DESCRIPTION OF THE TASK: Restate the full listing word for word and leave the pictures out.
START DATA EXCERPT
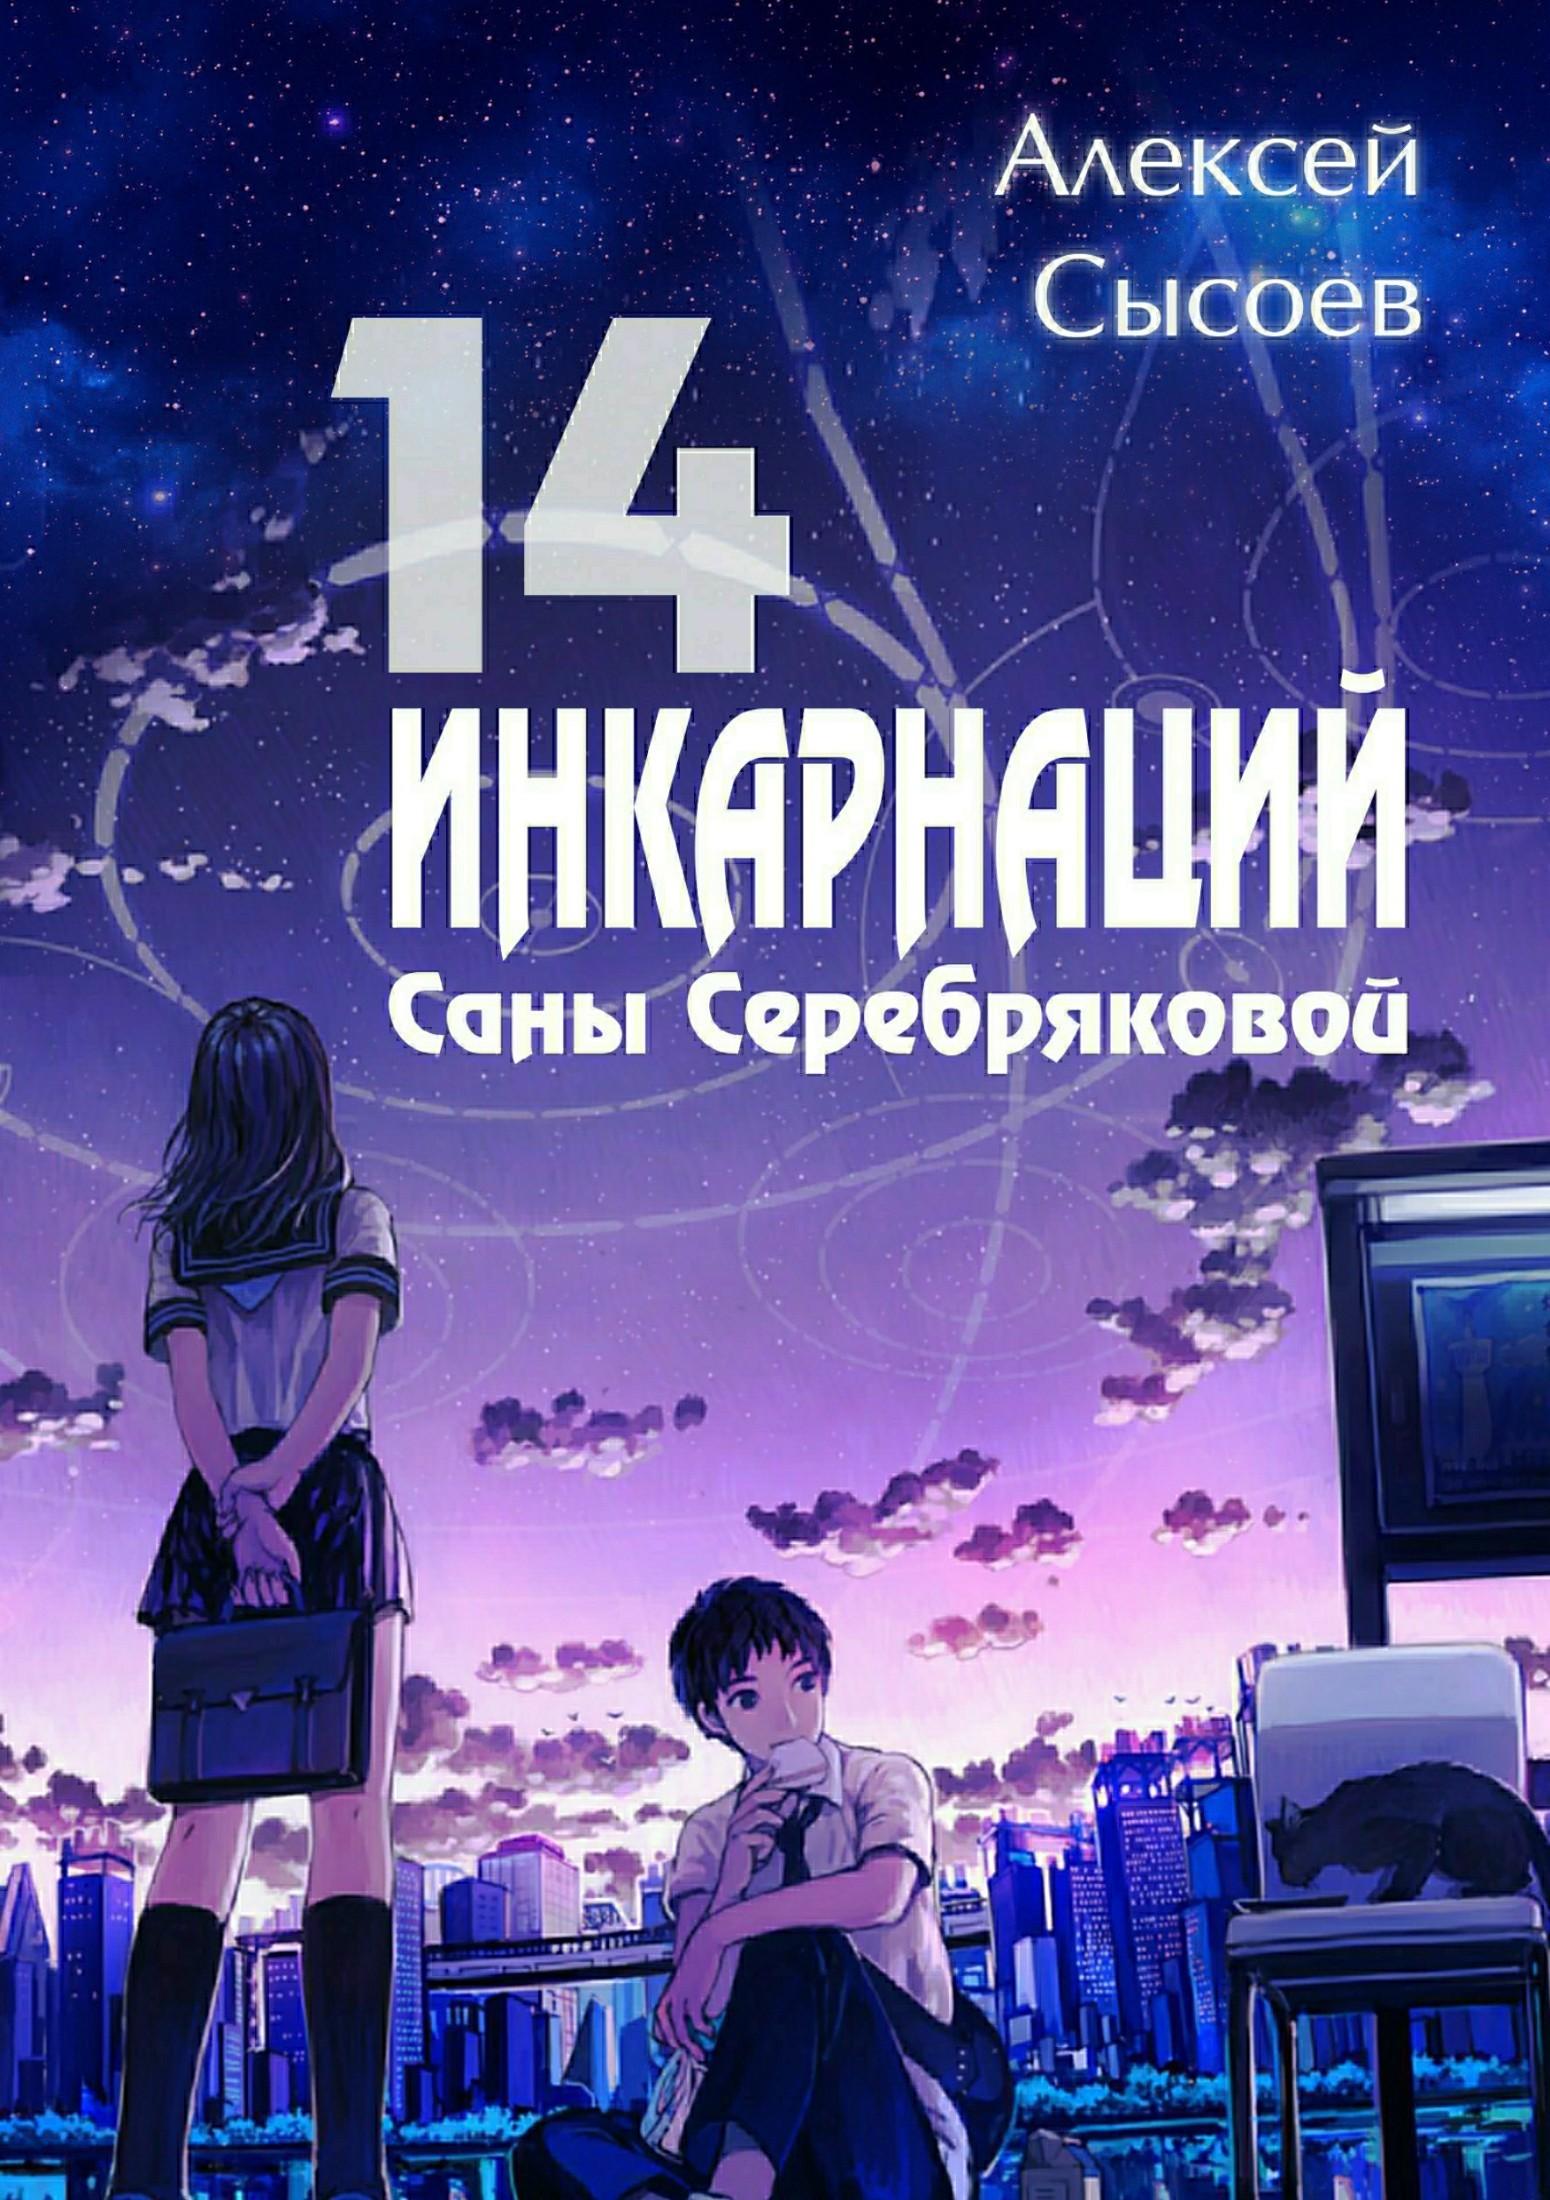 Алексей Сысоев - 14 инкарнаций Саны Серебряковой
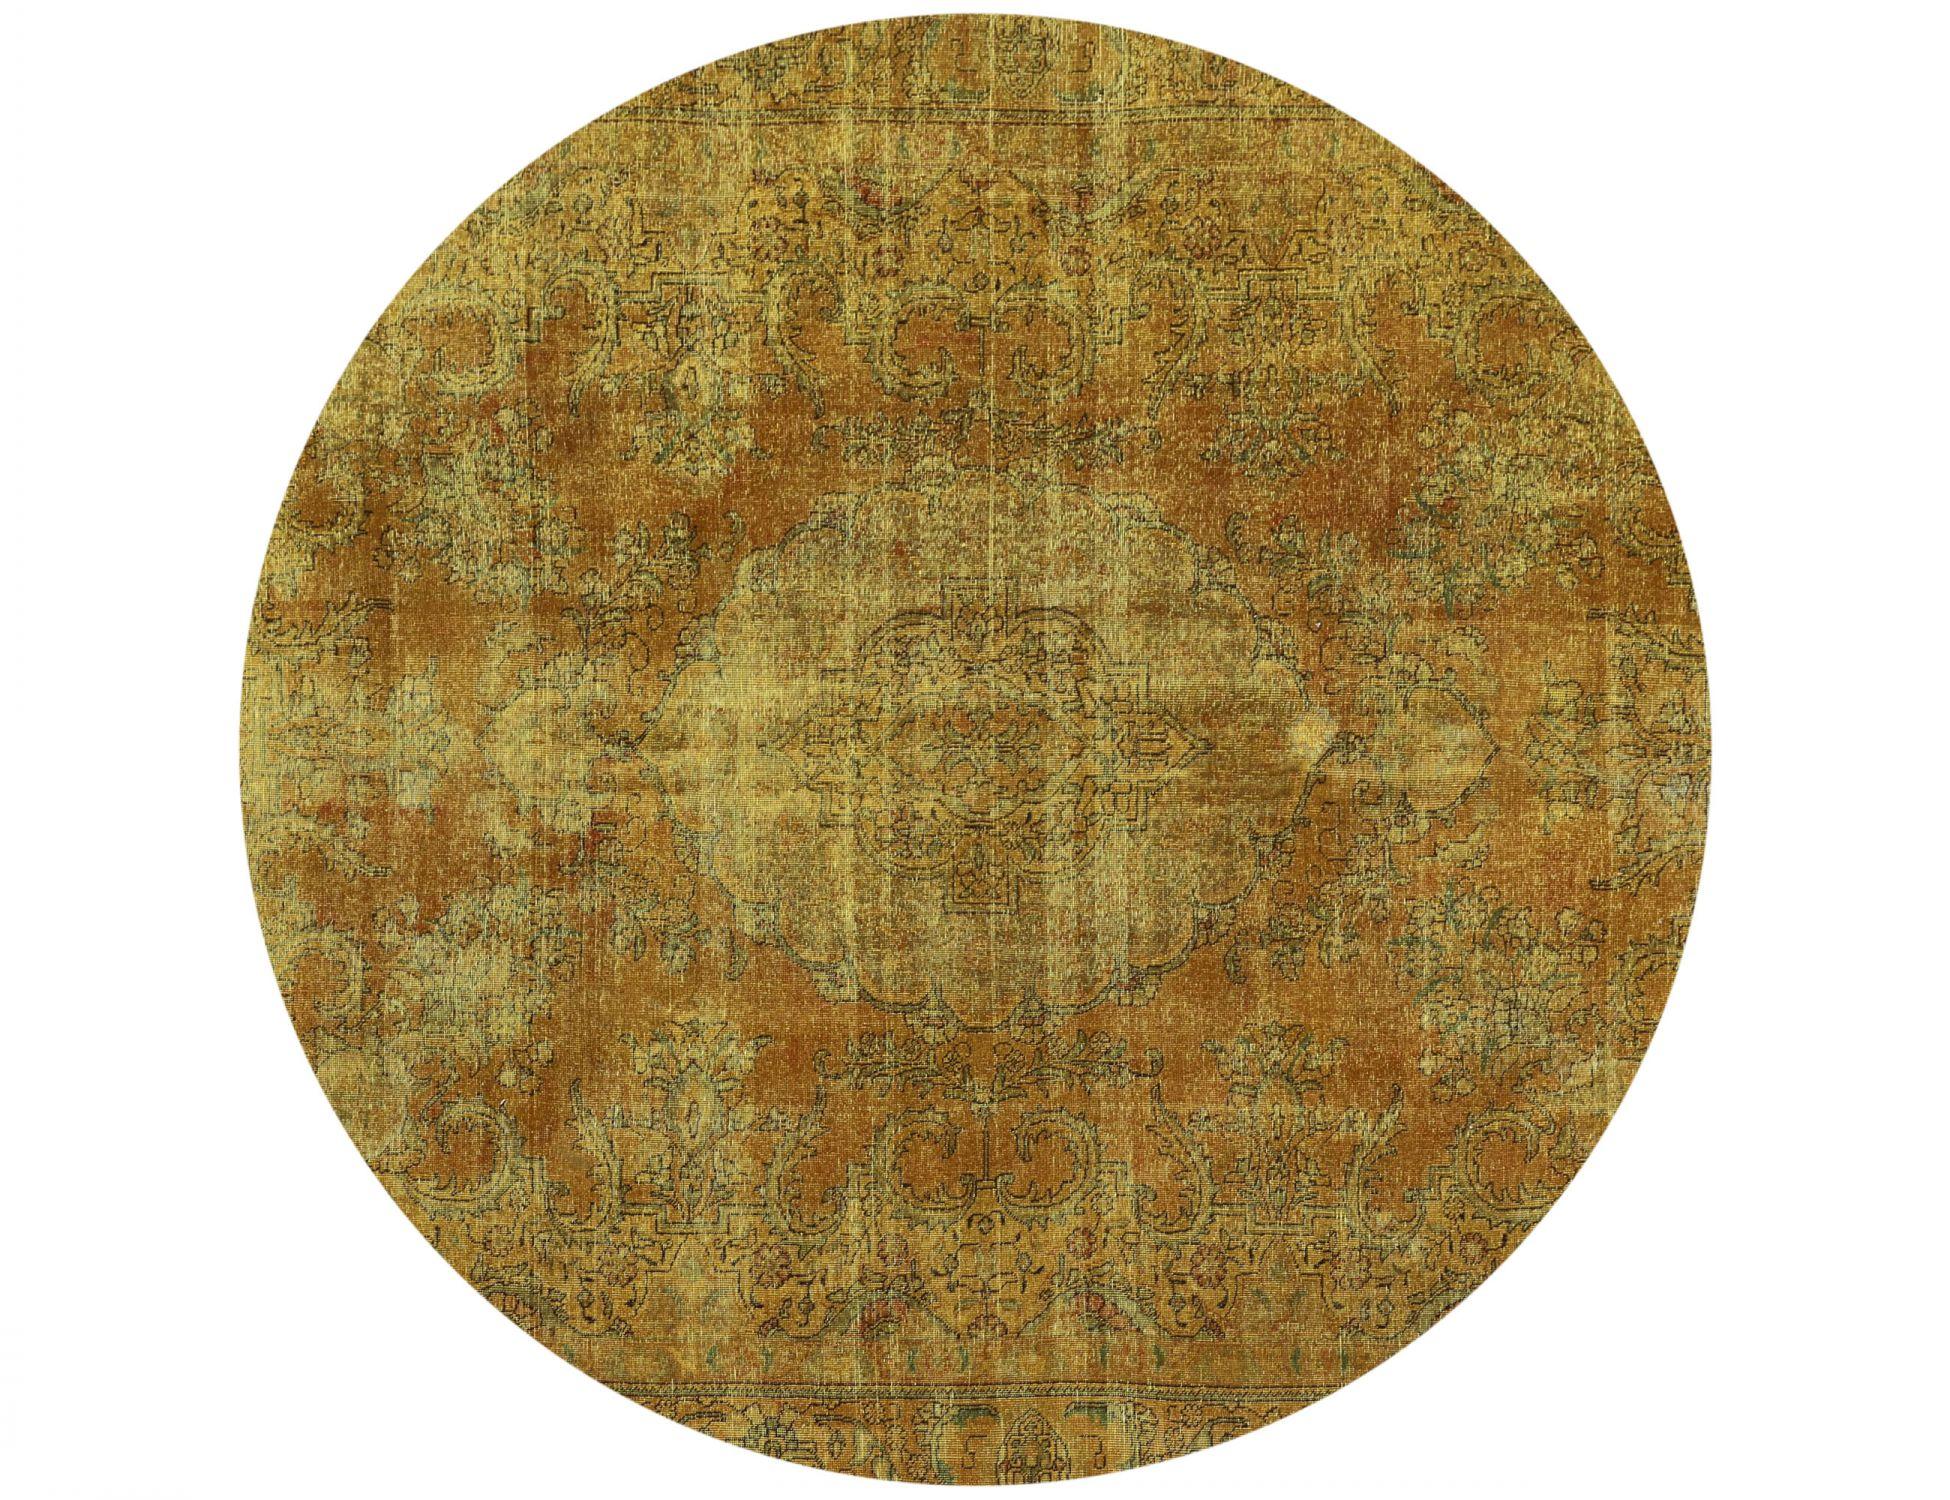 Tappeto Vintage  giallo <br/>255 x 255 cm
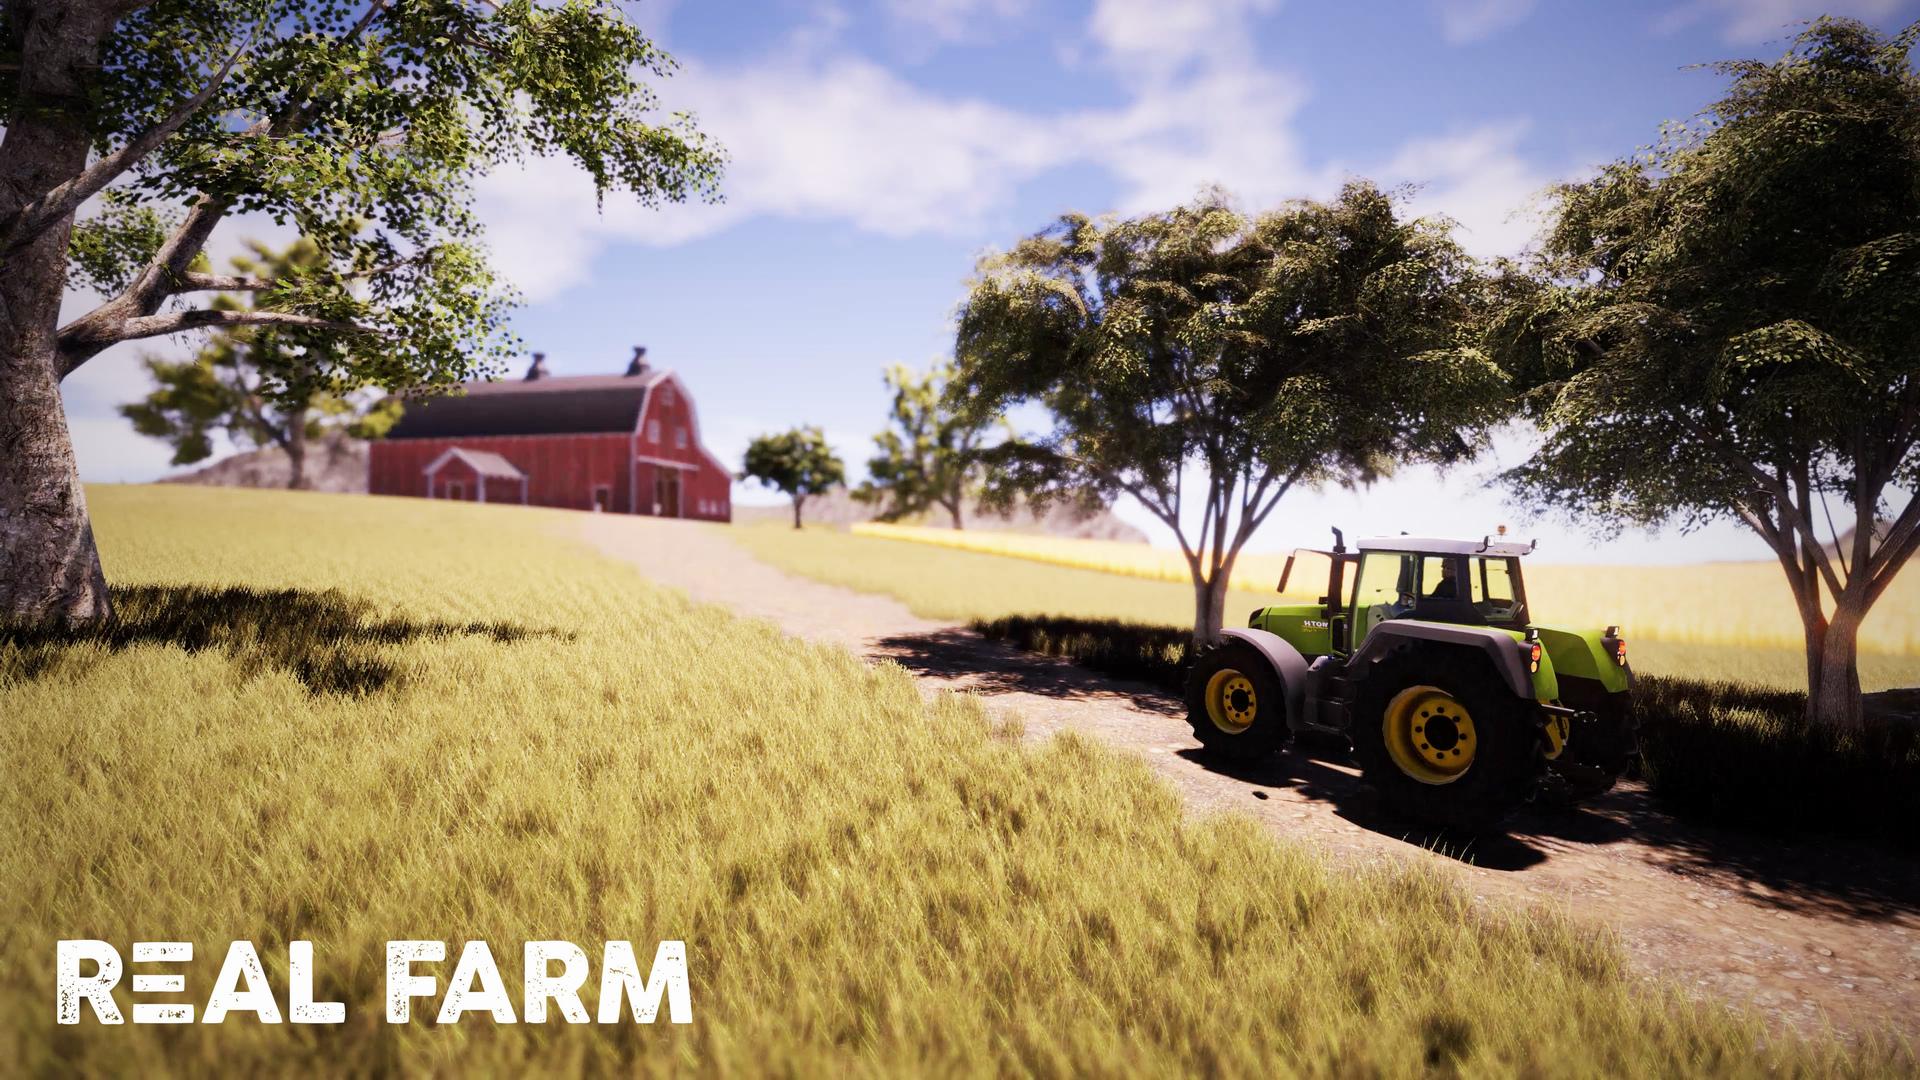 Výzva na venkově v Real Farm 149640
END DATA EXCERPT
SOLUTION FOR THIS EXERCISE:
 Алексей Сысоев - 14 инкарнаций Саны Серебряковой
 Tappeto Vintage  giallo <br/>255 x 255 cm
 Výzva na venkově v Real Farm 149640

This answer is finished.